I recently got in a shipment of stuff from the US (golf merchandise), it was a less than container load (LCL), which is what you are looking into. I could forward you the info of the company I used, but honestly for the size of shipment that you looking to get in, it would just be cheaper/better to go for people like FedEx, DHL, UPS. After all the local charges I paid, it wasn't all that much cheaper than using the aforementioned companies..


----------



## Jynxgirl (Nov 27, 2009)

USPS will ship to the emirates post system. You need to have a po box here. If you dont, you can have it sent to your work address if they will allow it. Cheapest way. Fedex, DHL and other service are quite a bit more expensive.


----------



## elliedxb (Jan 20, 2013)

Thanks for your replies. I'll probably just use USPS. Will post my experience here for anyone who might be interested.


----------



## saraswat (Apr 28, 2012)

Oh yeah .. forgot about them lol.. whenever my family sends USPS boxes out from there they arrive within 10-12 days.. and sometimes there are customs charges sometimes not.. also if all the stuff fits you might want to use the 60$ flat rate box.. basically stuff the darn thing to the gills and as long it fits (closes, doesn't rip etc) it's a flat 60$ charge...


----------



## XDoodlebugger (Jan 24, 2012)

These guys are good.

Shop and Ship :: Home


----------



## marouane (Jun 10, 2013)

saraswat said:


> I recently got in a shipment of stuff from the US (golf merchandise), it was a less than container load (LCL), which is what you are looking into.
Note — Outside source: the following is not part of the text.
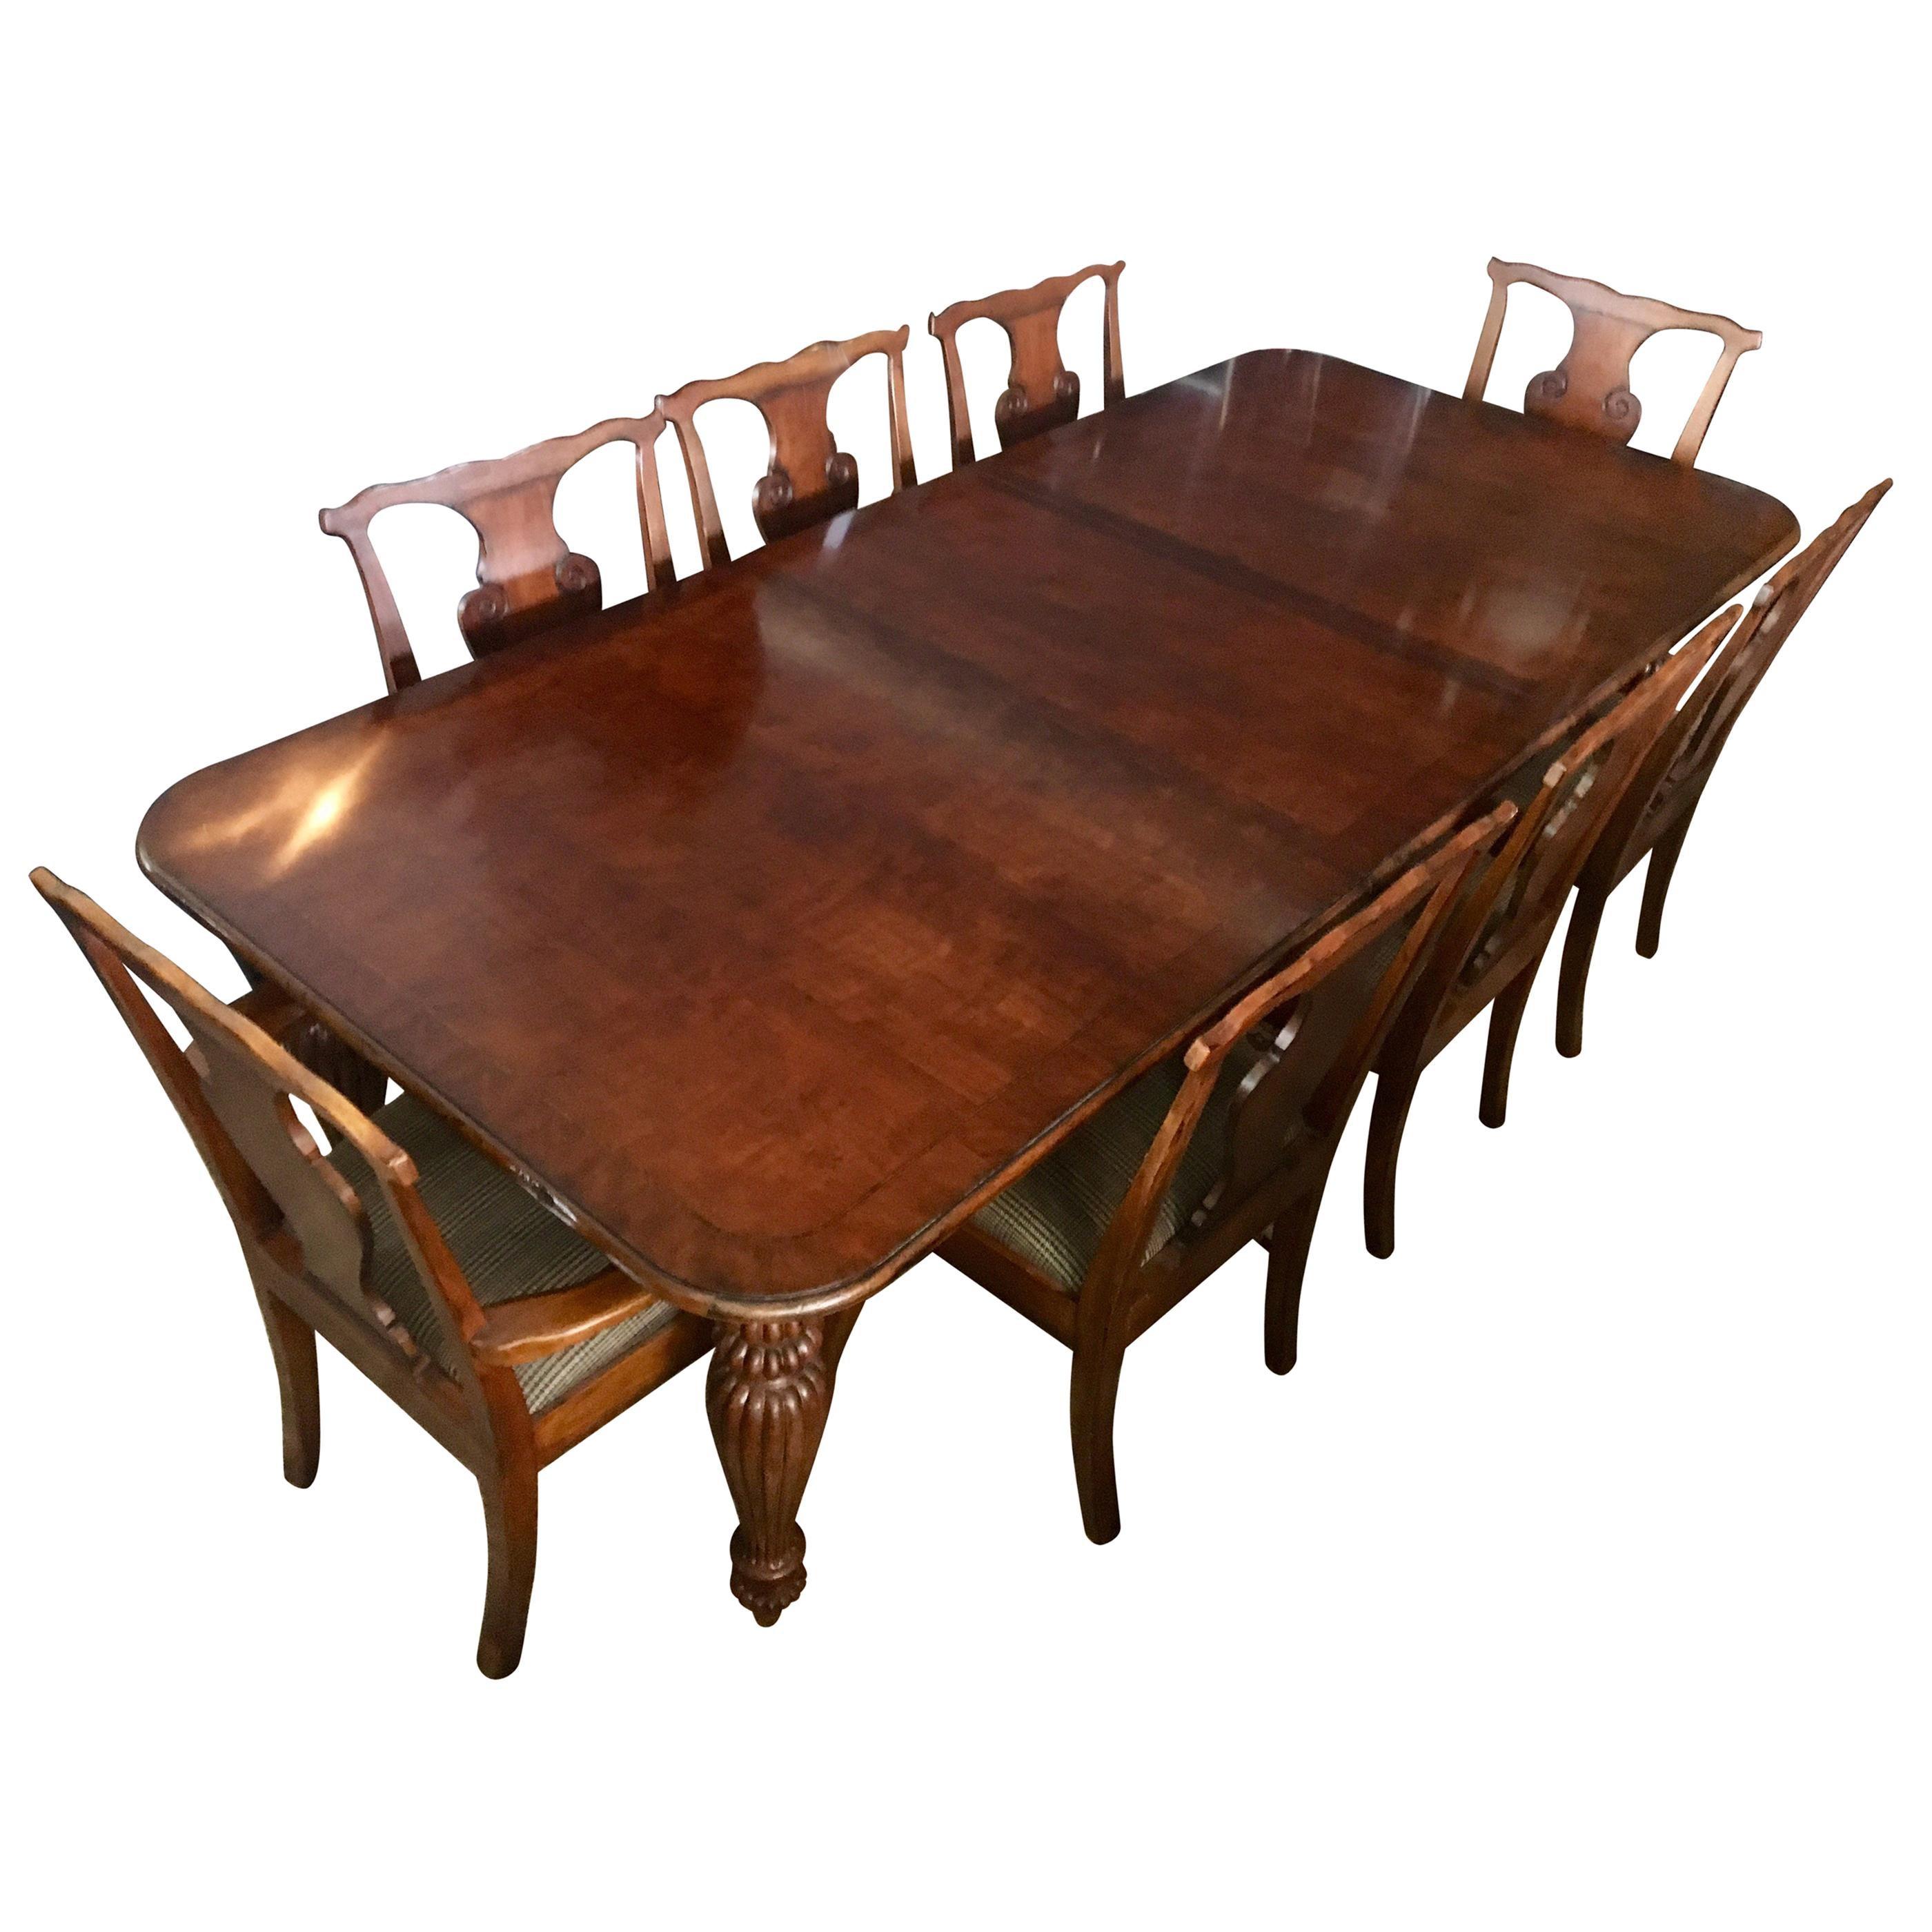 Ralph Lauren Henredon Mahogany Dining Room Set Table and ...

I could forward you the info of the company I used, but honestly for the size of shipment that you looking to get in, it would just be cheaper/better to go for people like FedEx, DHL, UPS. After all the local charges I paid, it wasn't all that much cheaper than using the aforementioned companies..


Could you please provide with the name of the company.. I desperately looking for a reliable one to ship LCL from NY to the UAE. thank you.


----------



## saraswat (Apr 28, 2012)

marouane said:


> Could you please provide with the name of the company.. I desperately looking for a reliable one to ship LCL from NY to the UAE. thank you.


Hey, couldn't send you a private message so posting on here. The company I used was agility logistics, the shipment was from Ga to Dxb. 
Agility - A New Logistics Leader
They have a local office here and their quote was the cheapest. Do remember to opt for door to door service, I didn't, which i regretted. Getting the paperwork and all that sorted out here is a huge hassle and kinda expensive anyway, let them take care of that ....


----------



## Maddy14 (Nov 13, 2020)

Jynxgirl said:


> USPS will ship to the emirates post system. You need to have a po box here. If you dont, you can have it sent to your work address if they will allow it. Cheapest way. Fedex, DHL and other service are quite a bit more expensive.


----------



## Maddy14 (Nov 13, 2020)

@Jynxgirl i have a package from us and it is almost one month. The shipper called usps and it is already left their country. I called post office they are saying they haven't receive it. Is there any way that i can call or something. My package doesn't have a postal code i only given my address here in dubai..hope you can help me...


----------



## Stevesolar (Dec 21, 2012)

Hi,
if you are in Dubai - then you need to check at the Karama central post office - this is where parcels without P.O. Boxes are normally kept.
cheers
steve


----------